- **DATA EXTRACT**
......
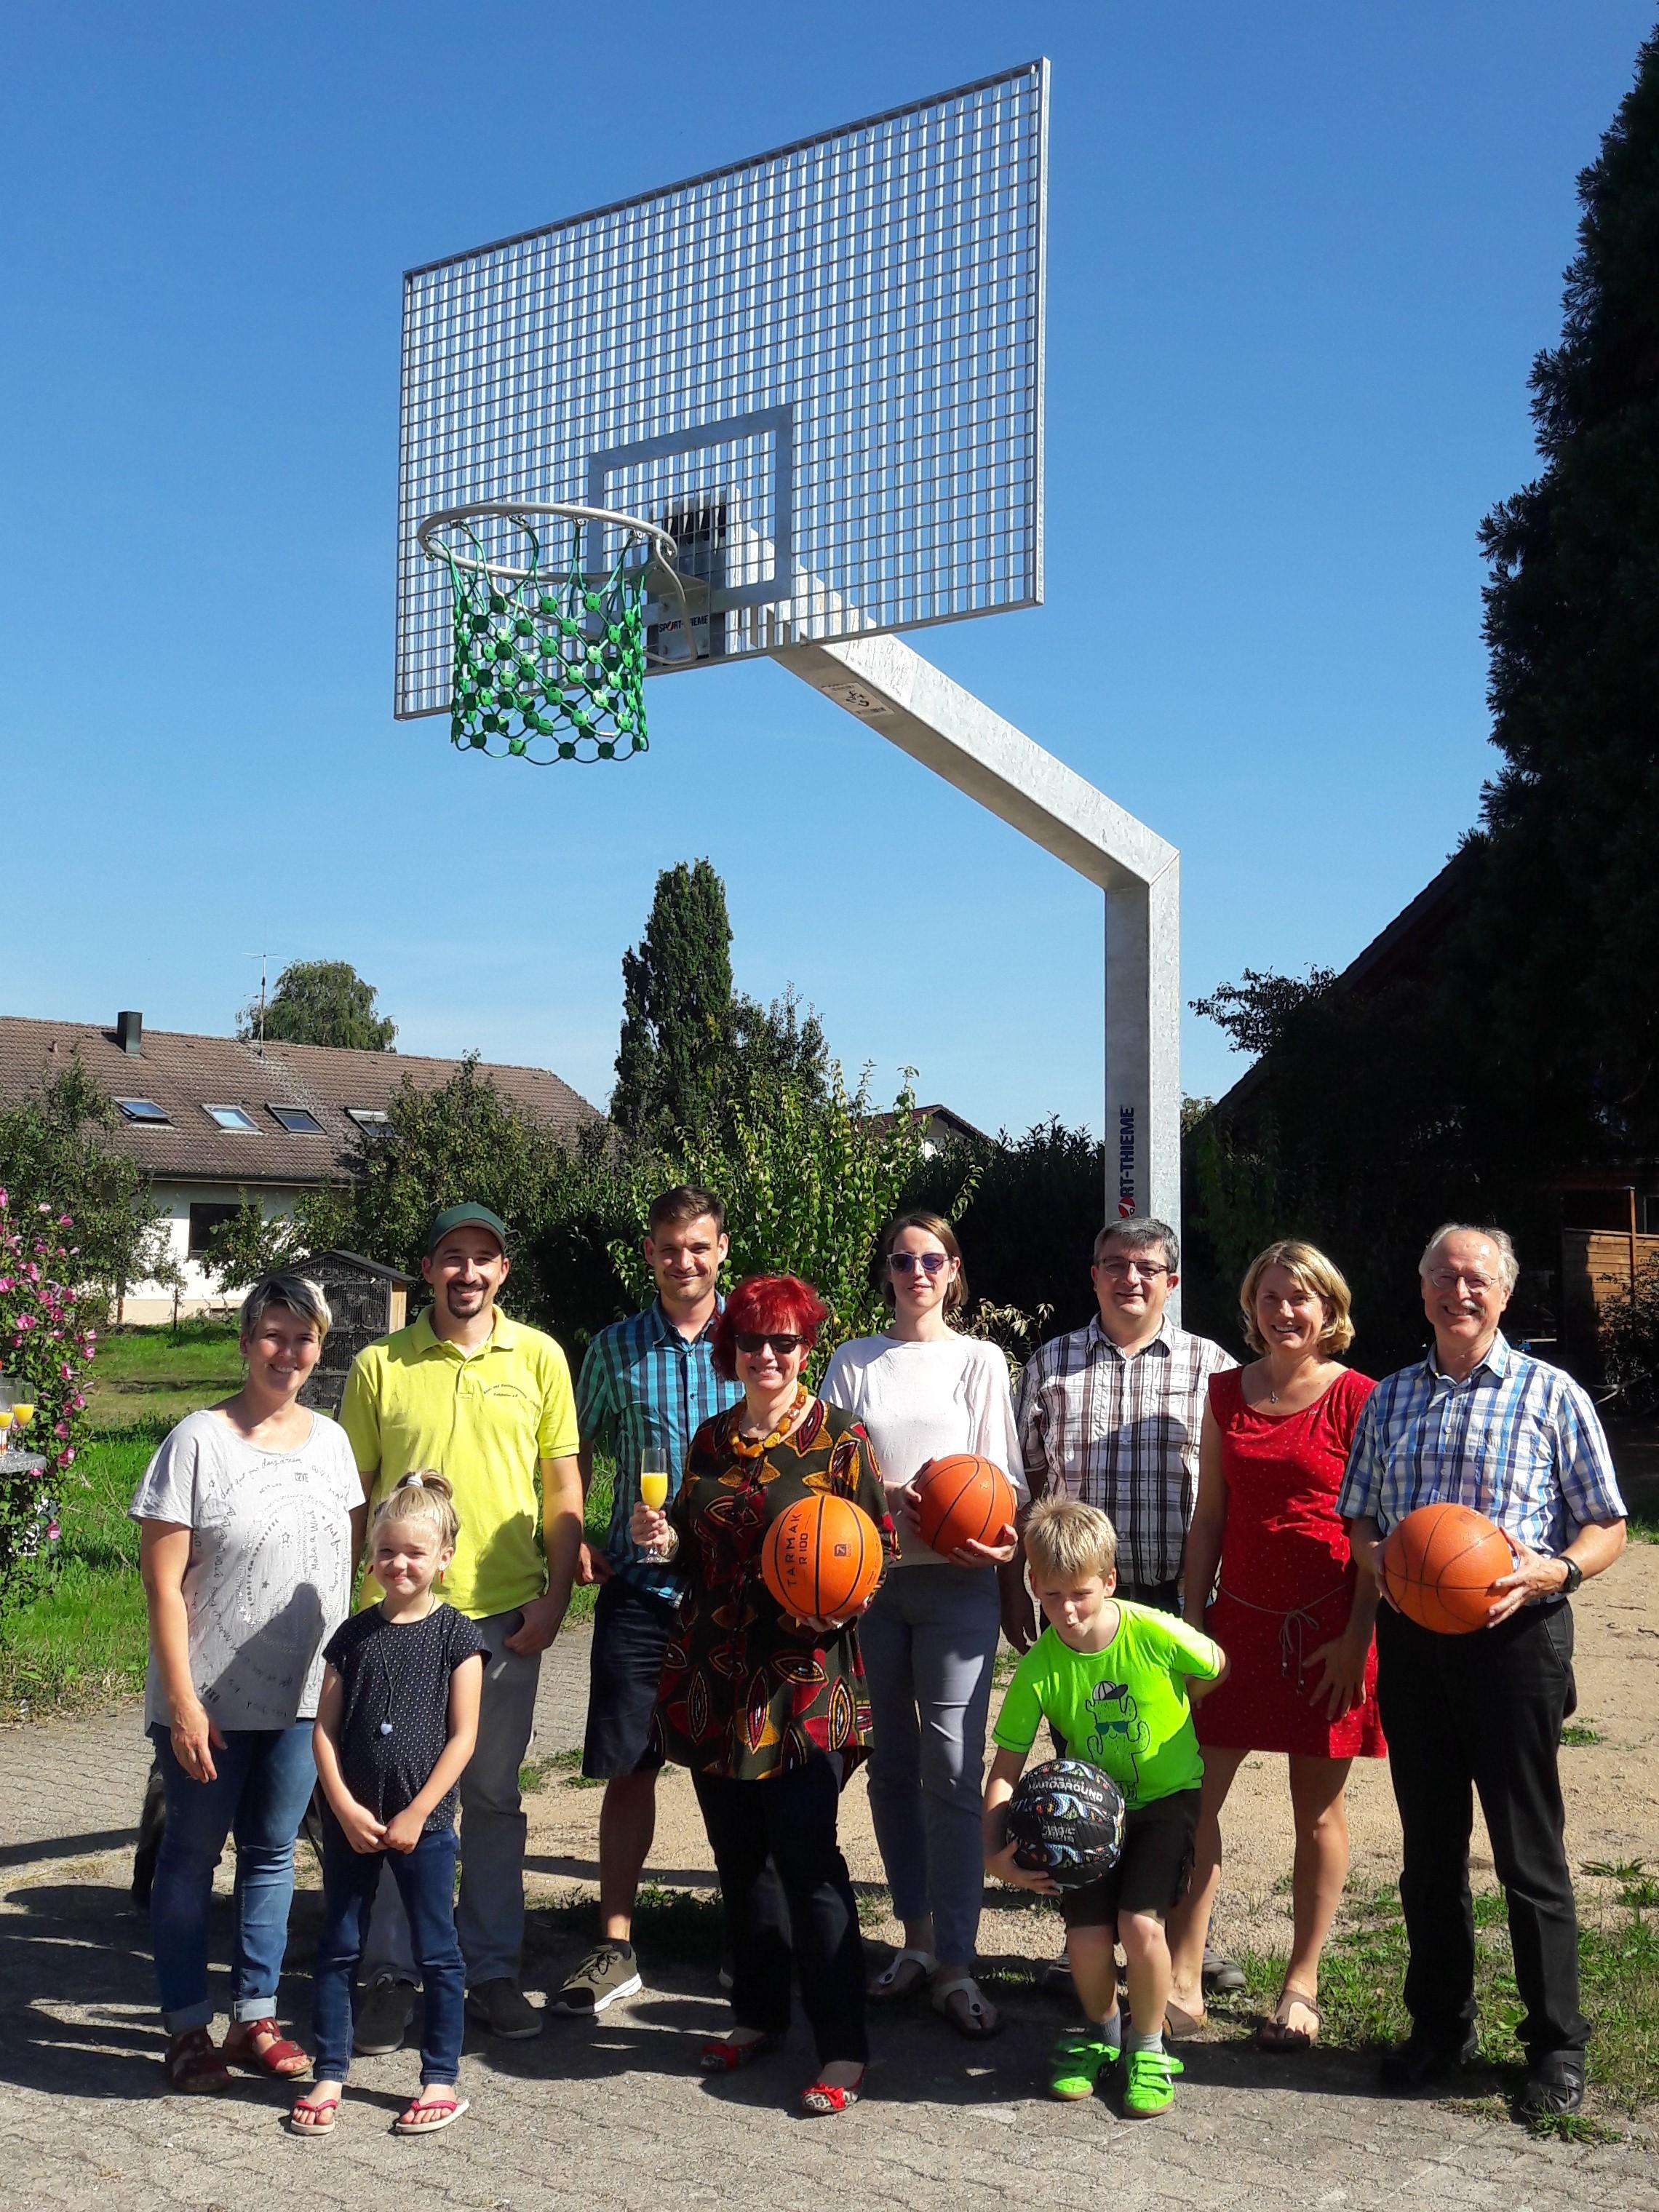 Dorfgemeinschaft stiftet Basketballkorb
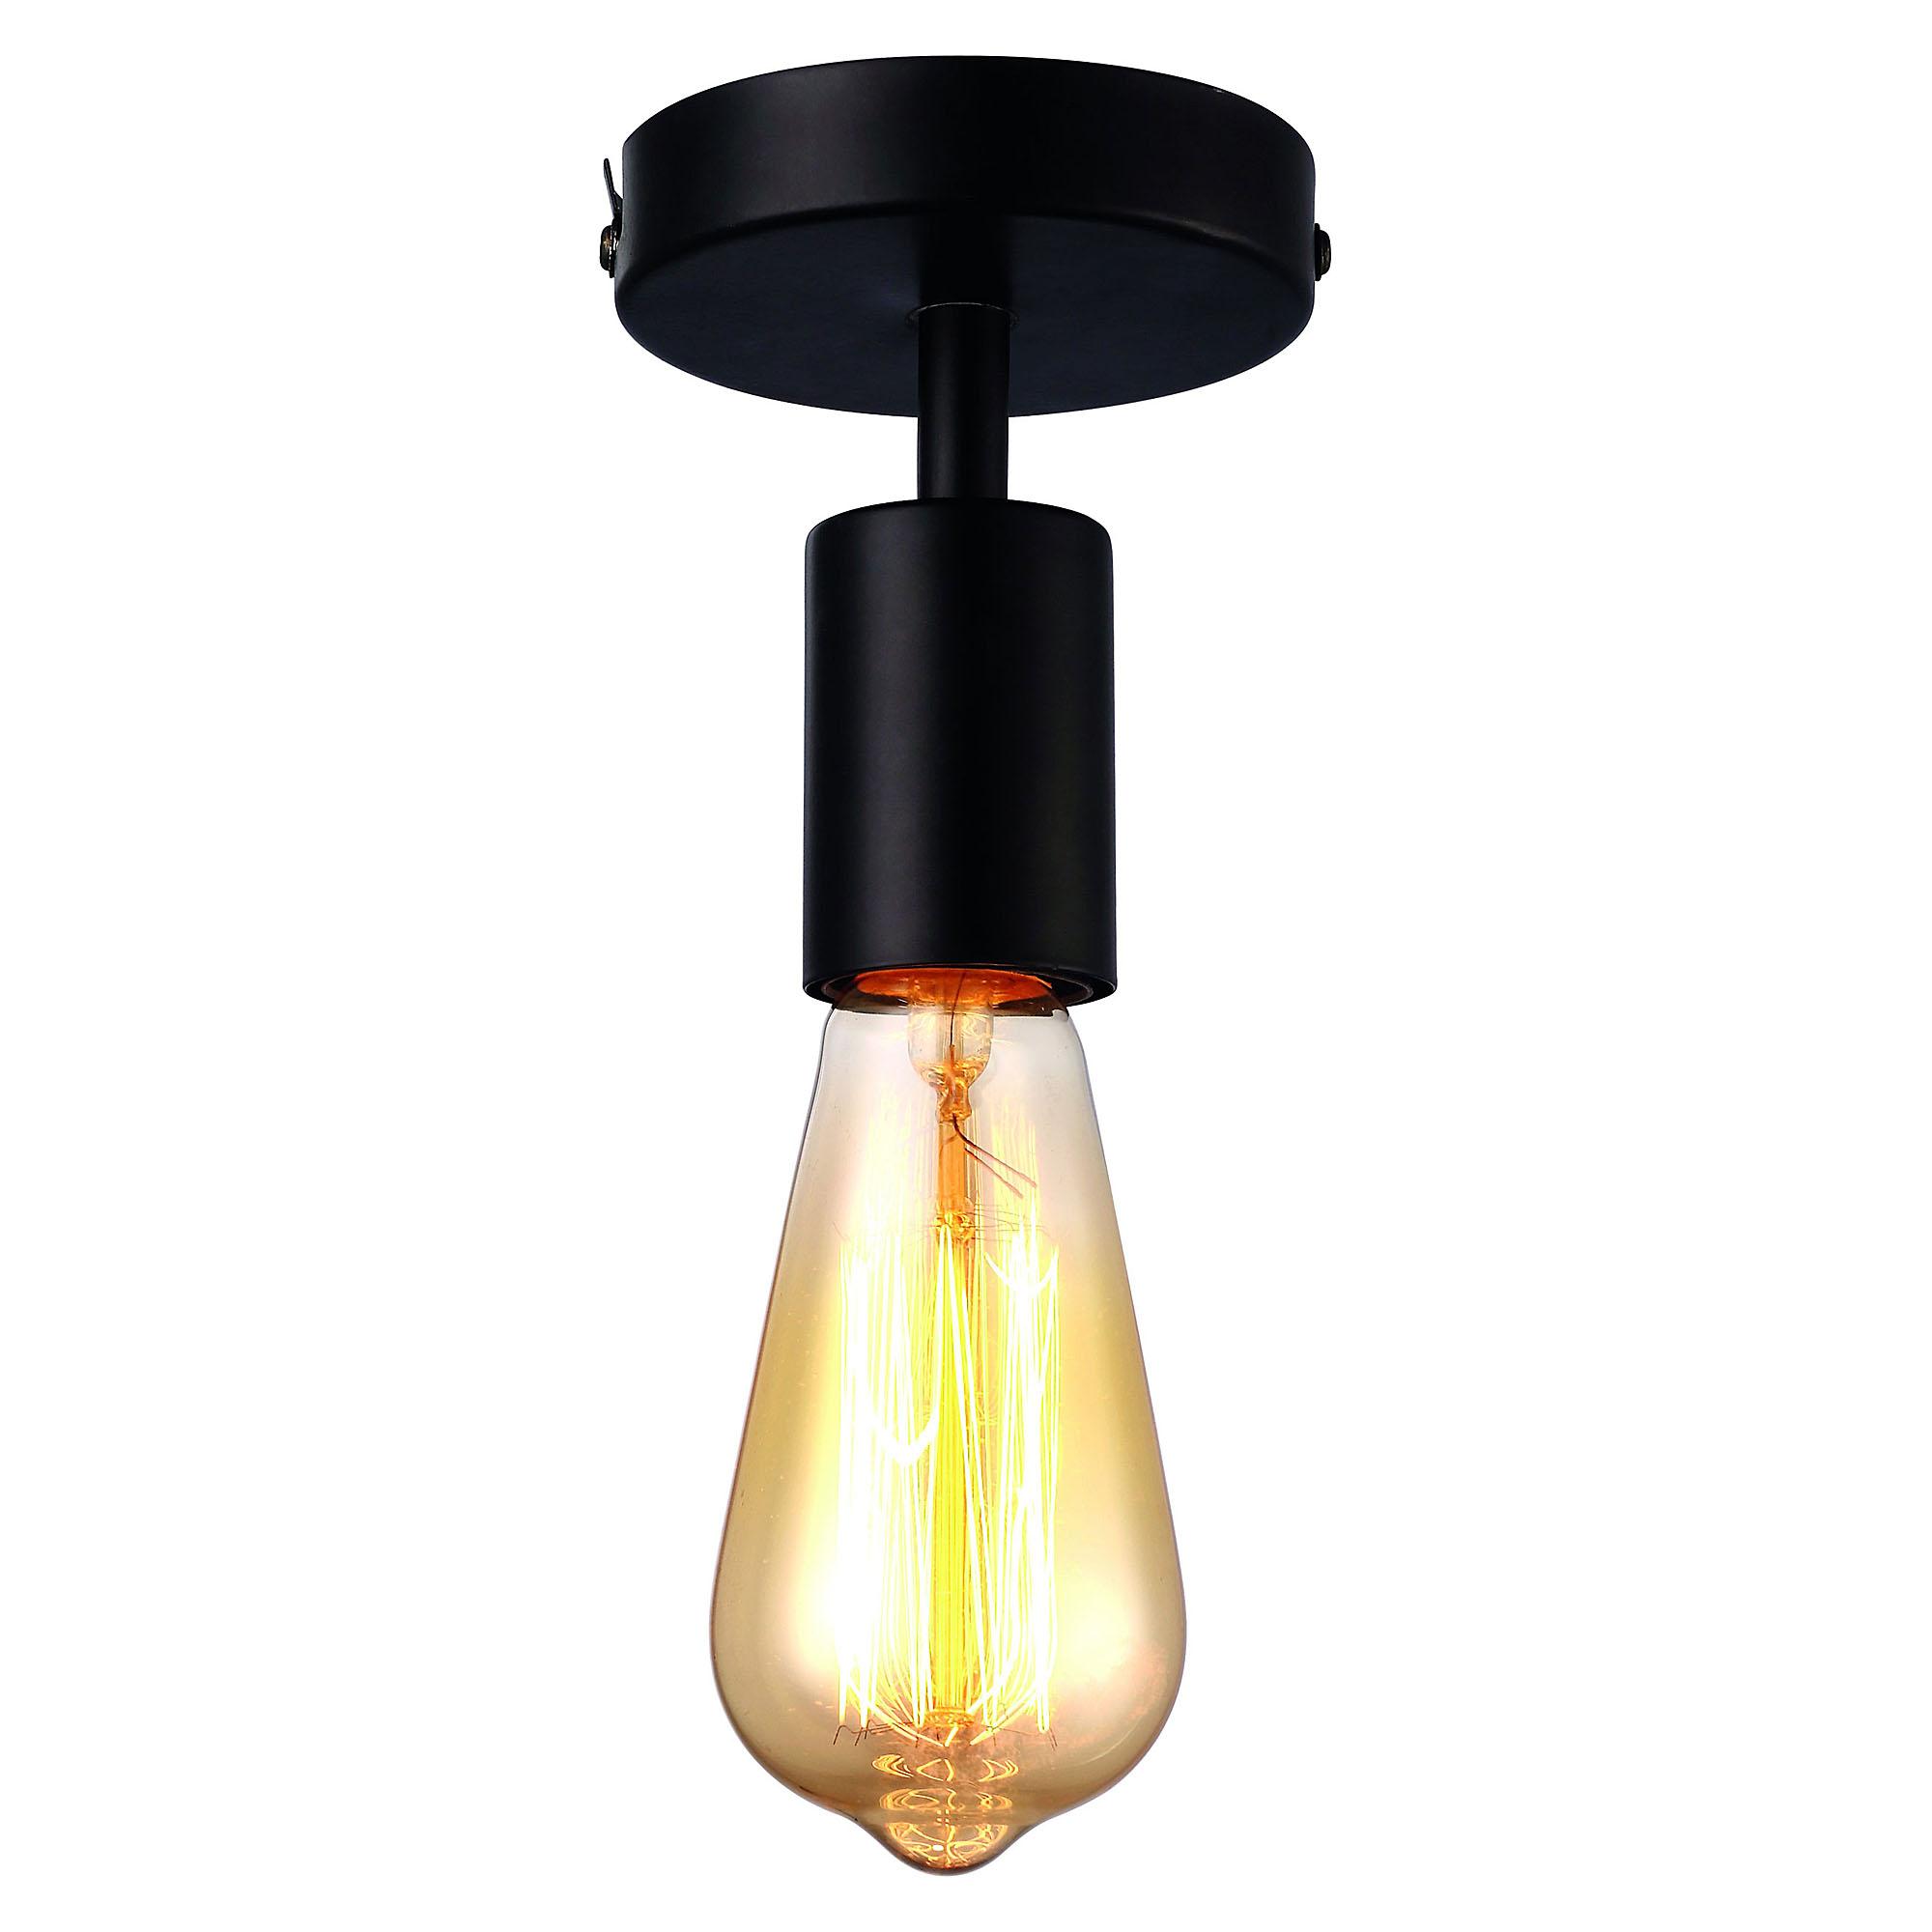 Светильник потолочный Arte Lamp A9184PL-1BK потолочный светильник arte lamp a1460pl 1bk
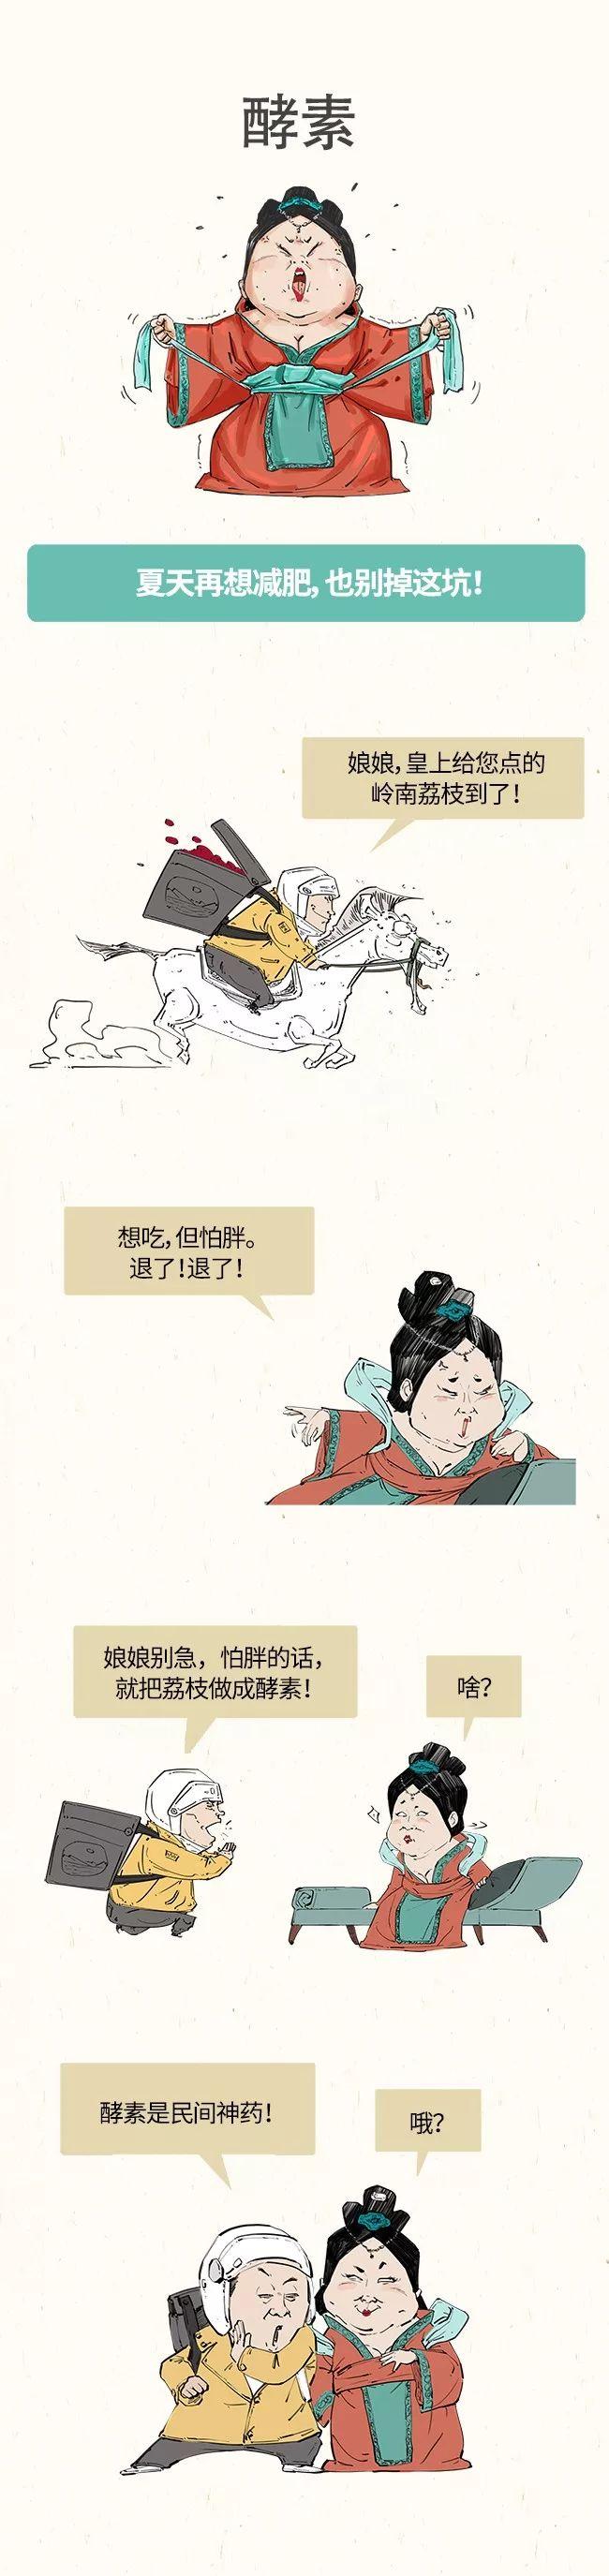 漫画科普:猪吃了增肥的东西,我吃了就能减肥了?
......
- **EXERCISE BRIEF**
The response has to be an exact copy of all the data, pictures excluded.

- **ANSWER TO THIS TASK**
 Dorfgemeinschaft stiftet Basketballkorb
 Светильник потолочный Arte Lamp A9184PL-1BK потолочный светильник arte lamp a1460pl 1bk
 漫画科普:猪吃了增肥的东西,我吃了就能减肥了?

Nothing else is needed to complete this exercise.